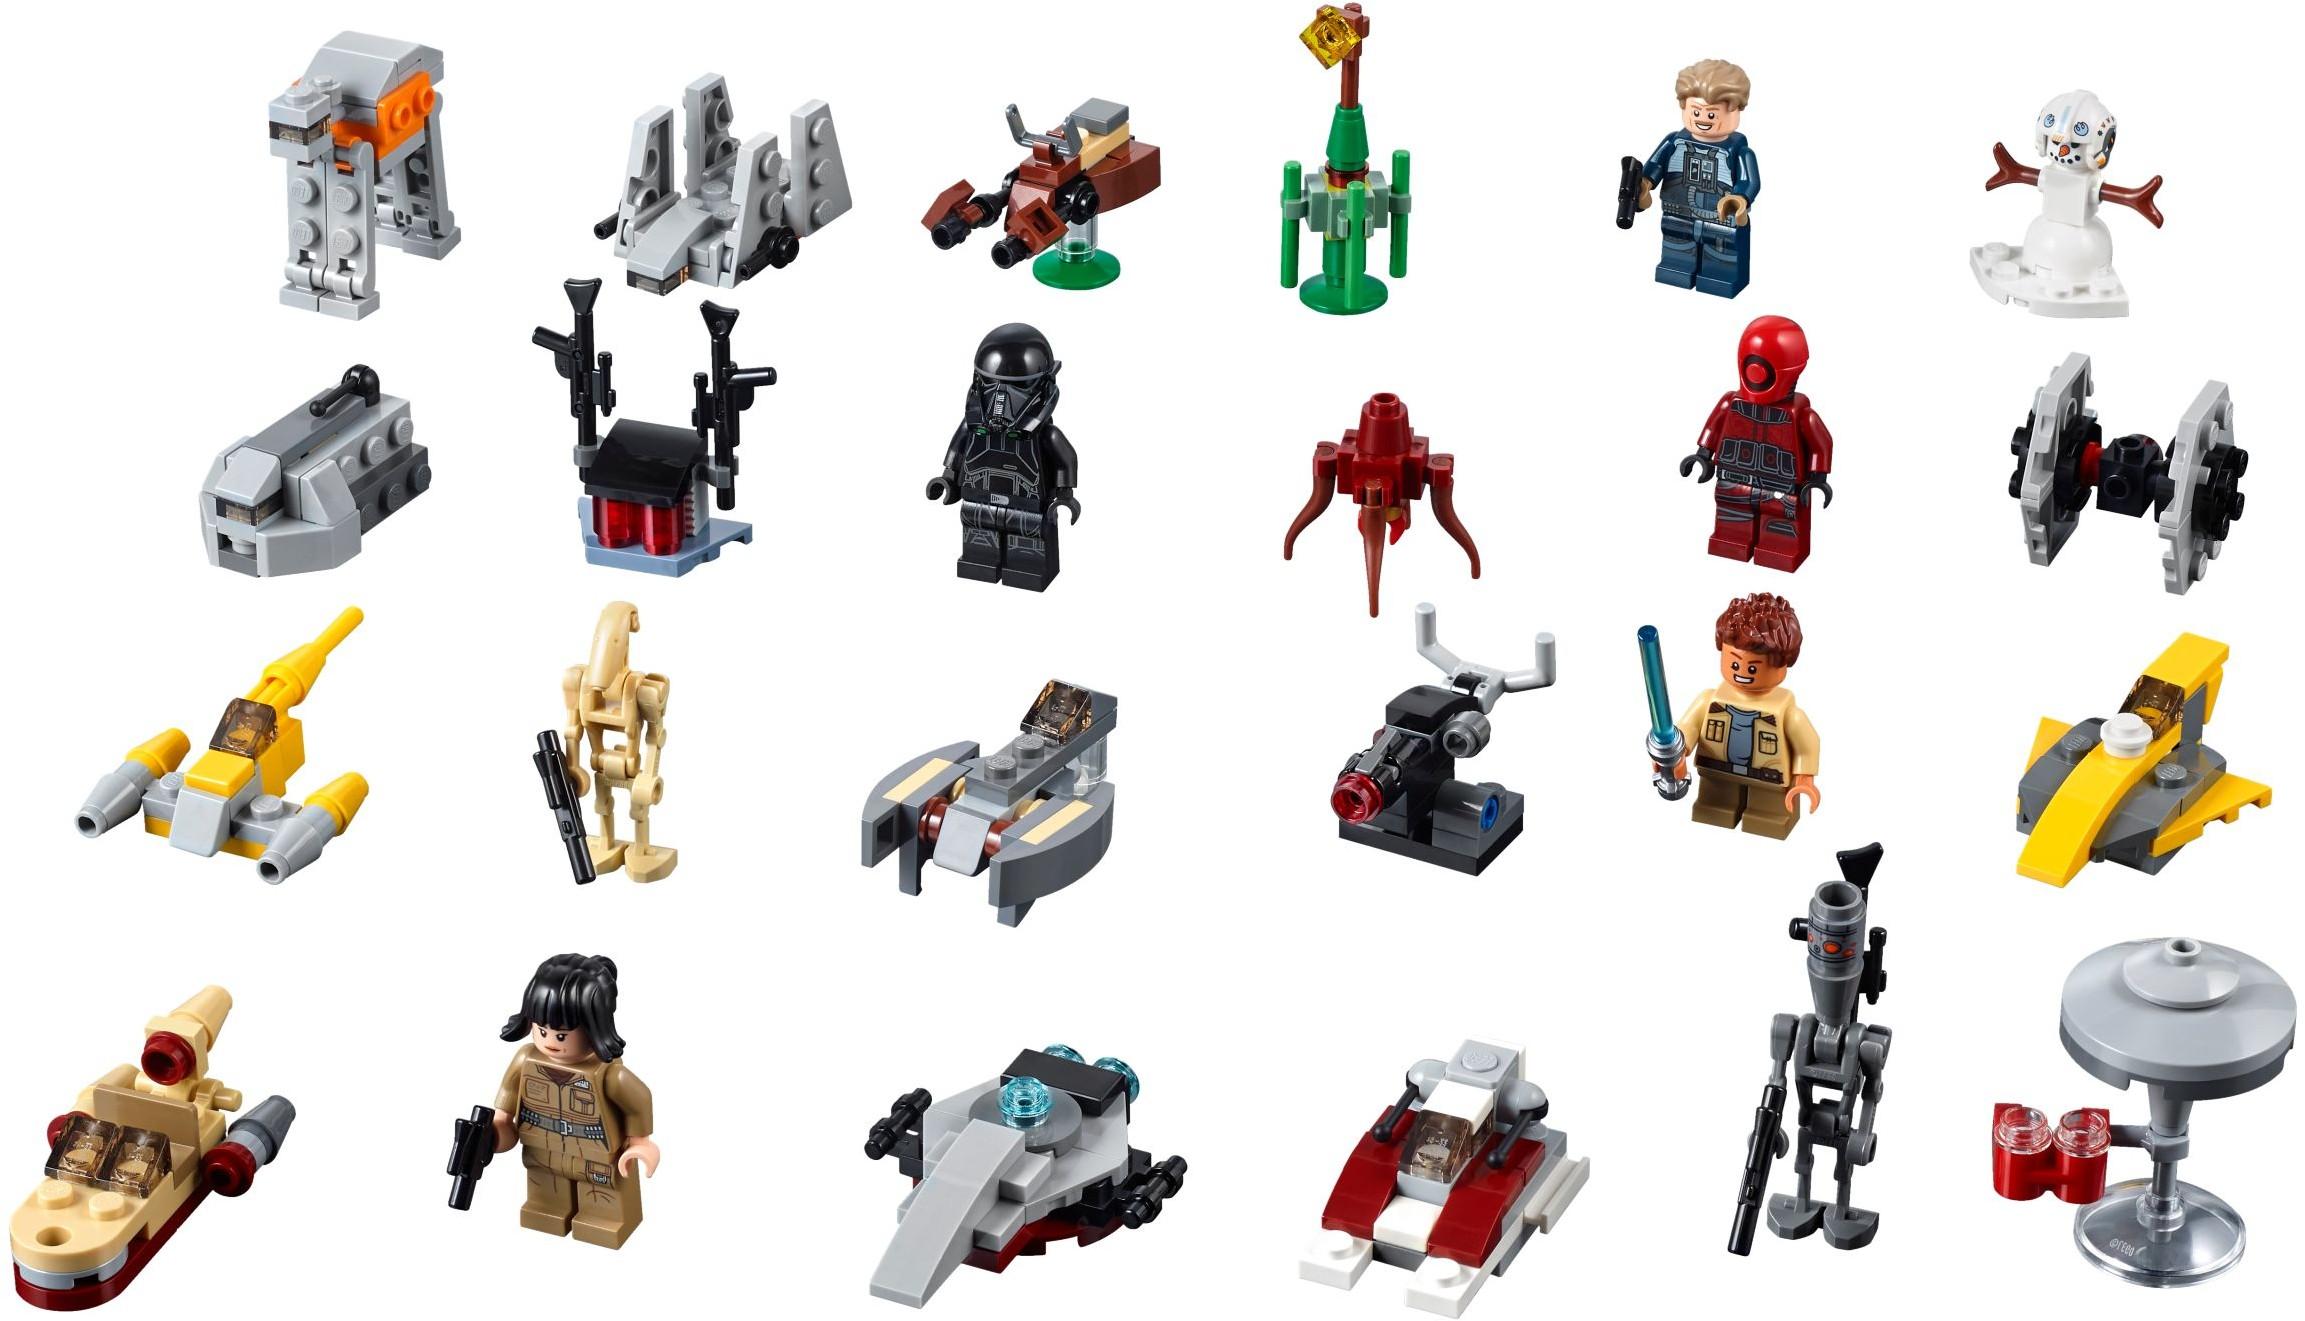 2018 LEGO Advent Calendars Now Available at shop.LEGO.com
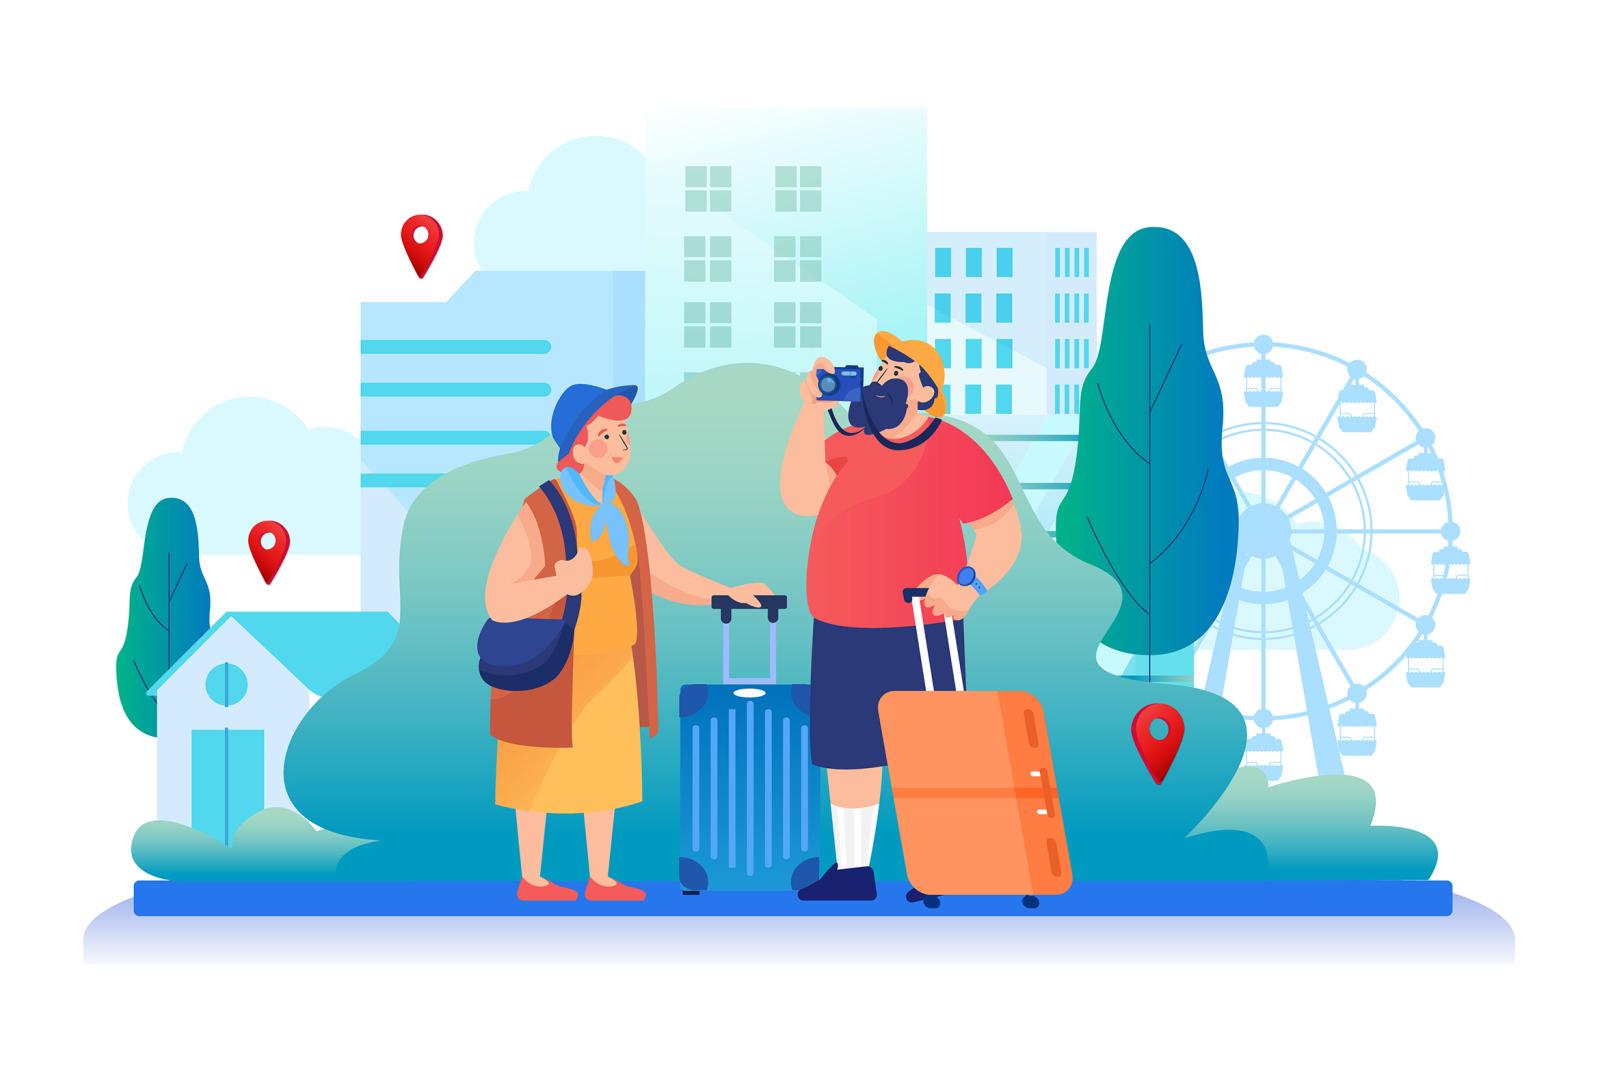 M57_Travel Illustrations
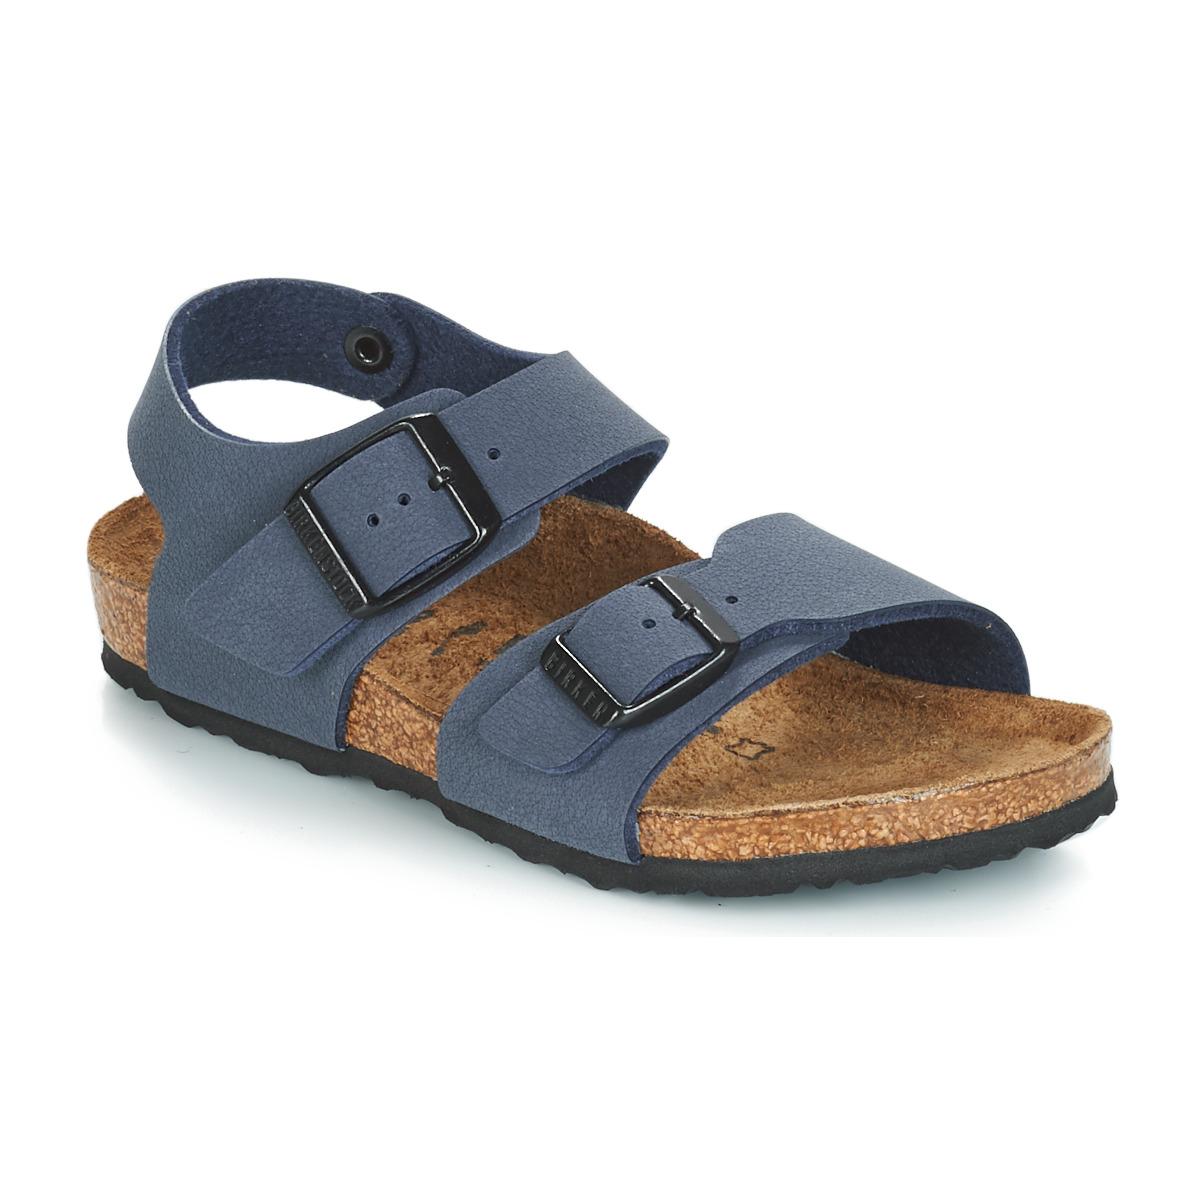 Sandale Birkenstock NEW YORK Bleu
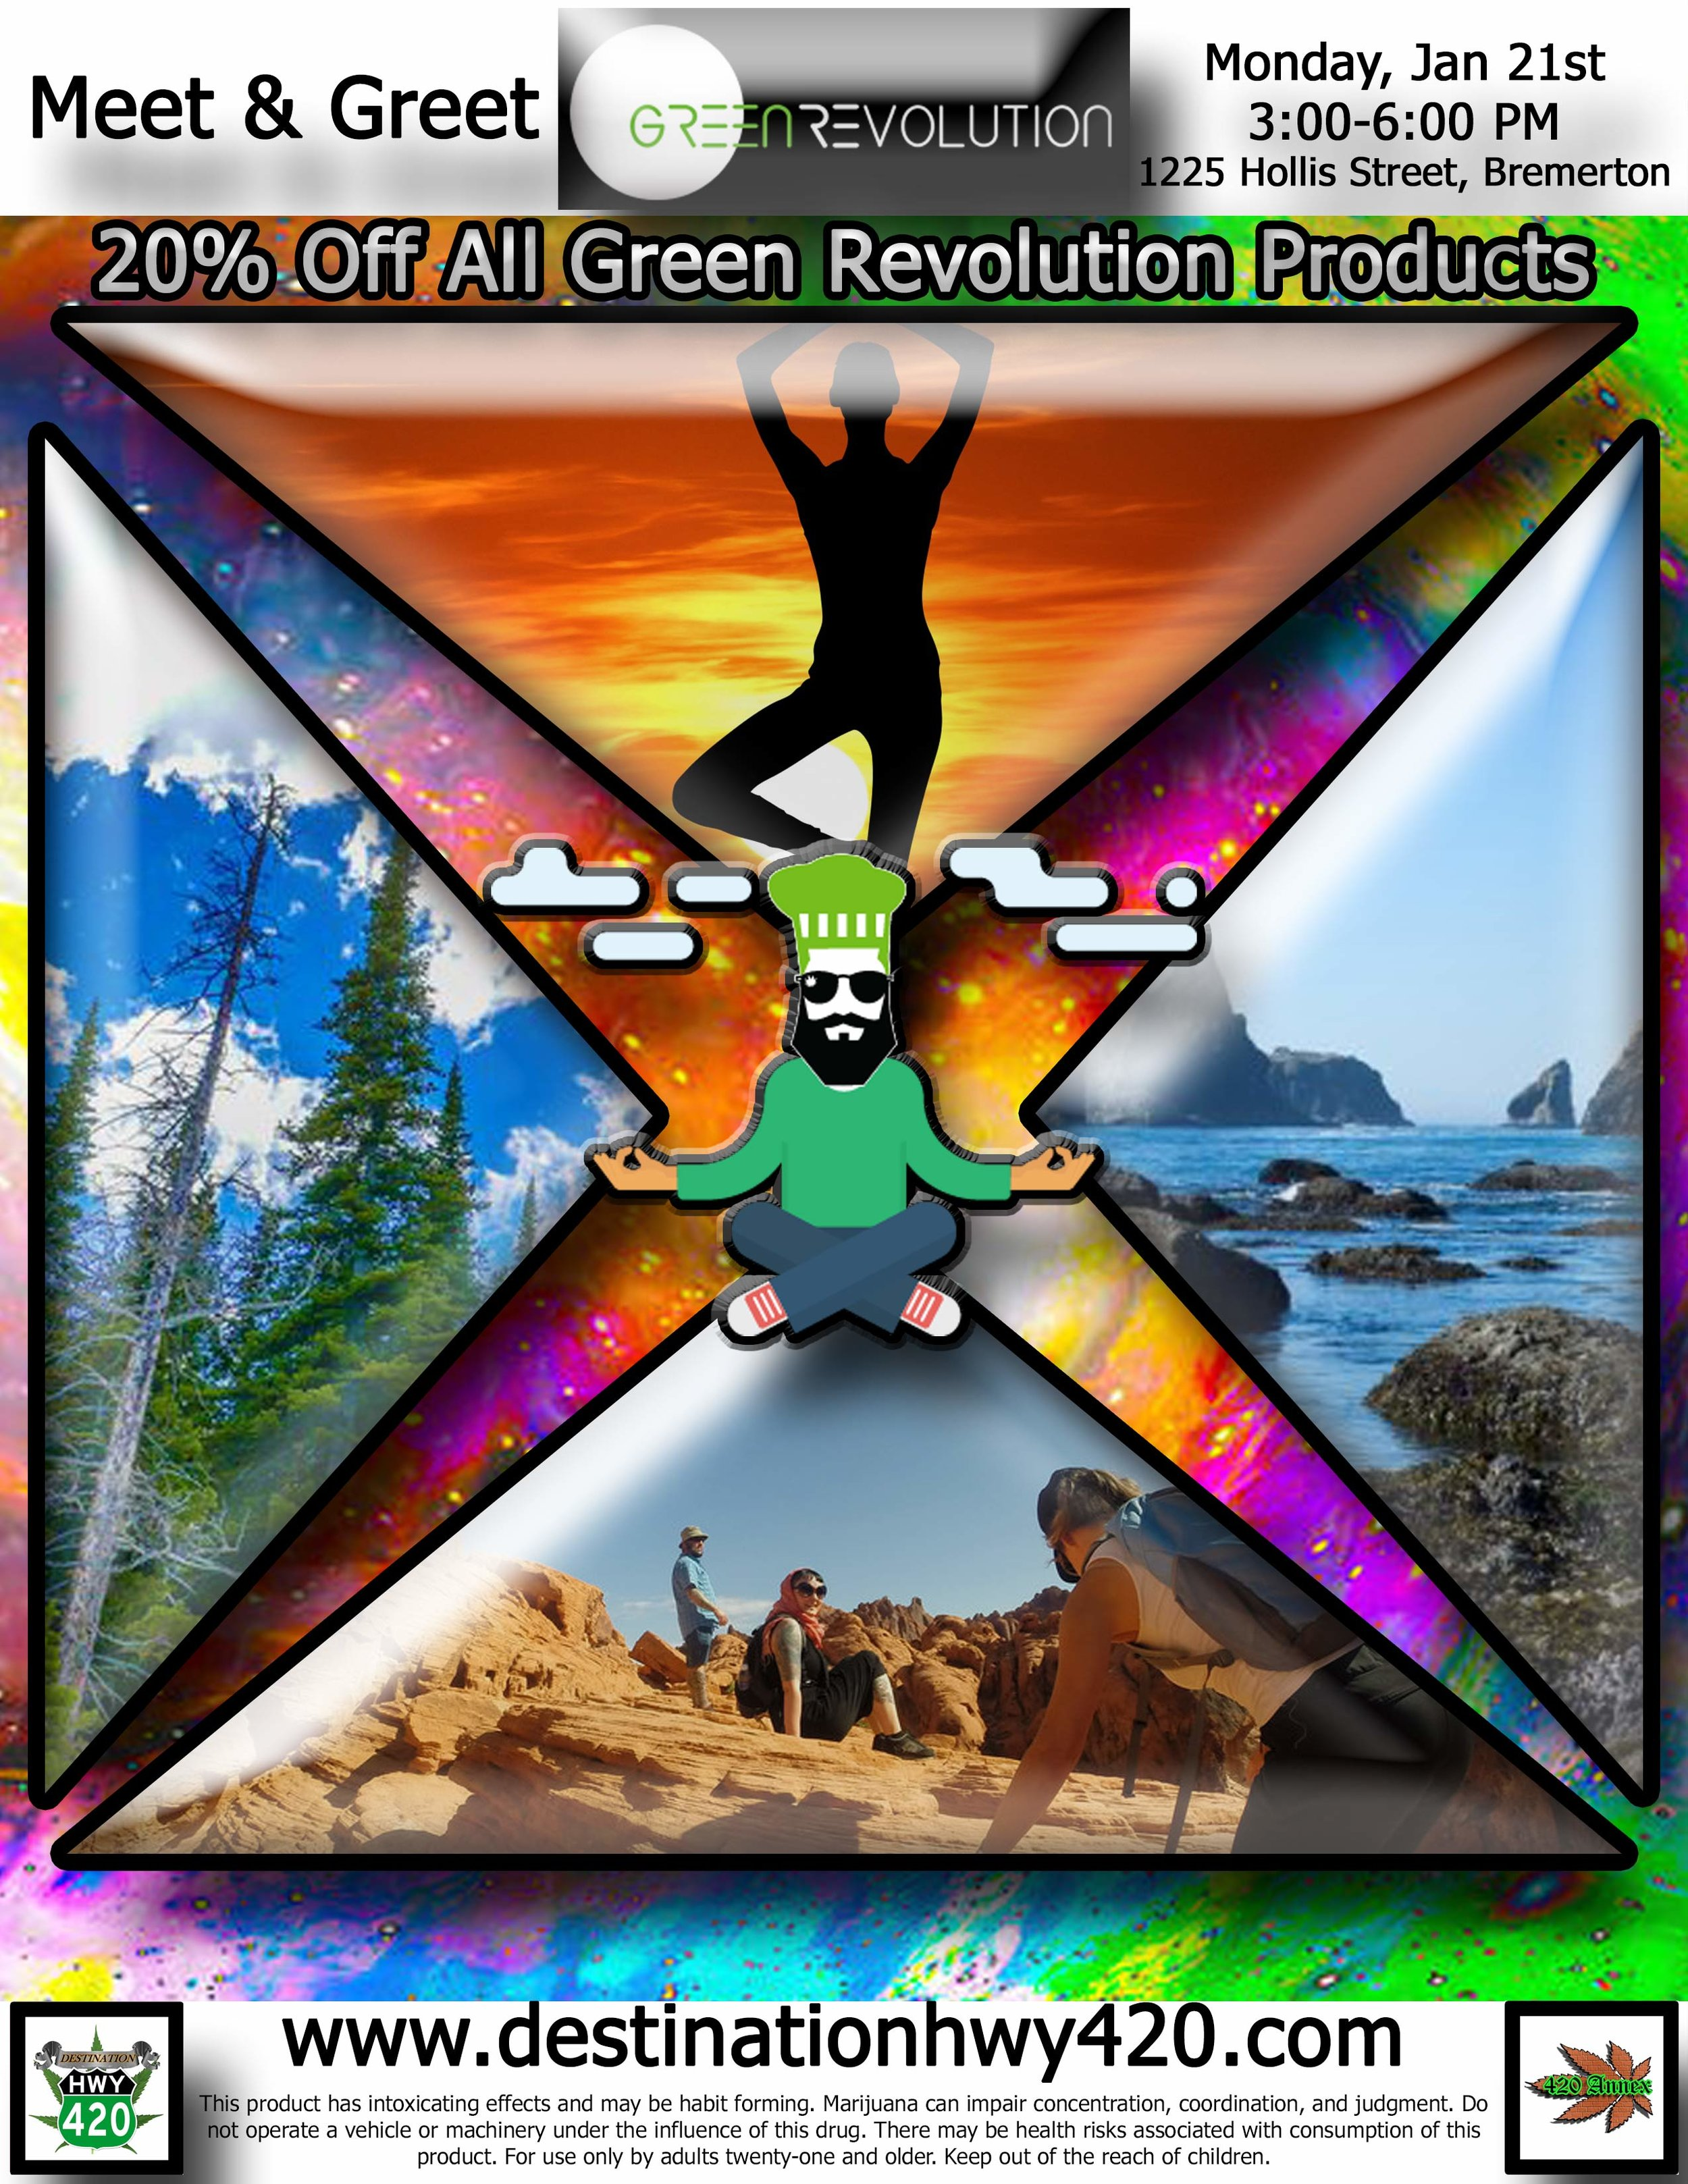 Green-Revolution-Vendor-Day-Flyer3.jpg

**Task to carry out**: From the line that holds "Sandale Birkenstock NEW YORK Bleu" to the last line of the data, return those lines exactly and nothing else; both ends count, and pictures stay out.

**Result of the exercise**:
 Sandale Birkenstock NEW YORK Bleu
 Green-Revolution-Vendor-Day-Flyer3.jpg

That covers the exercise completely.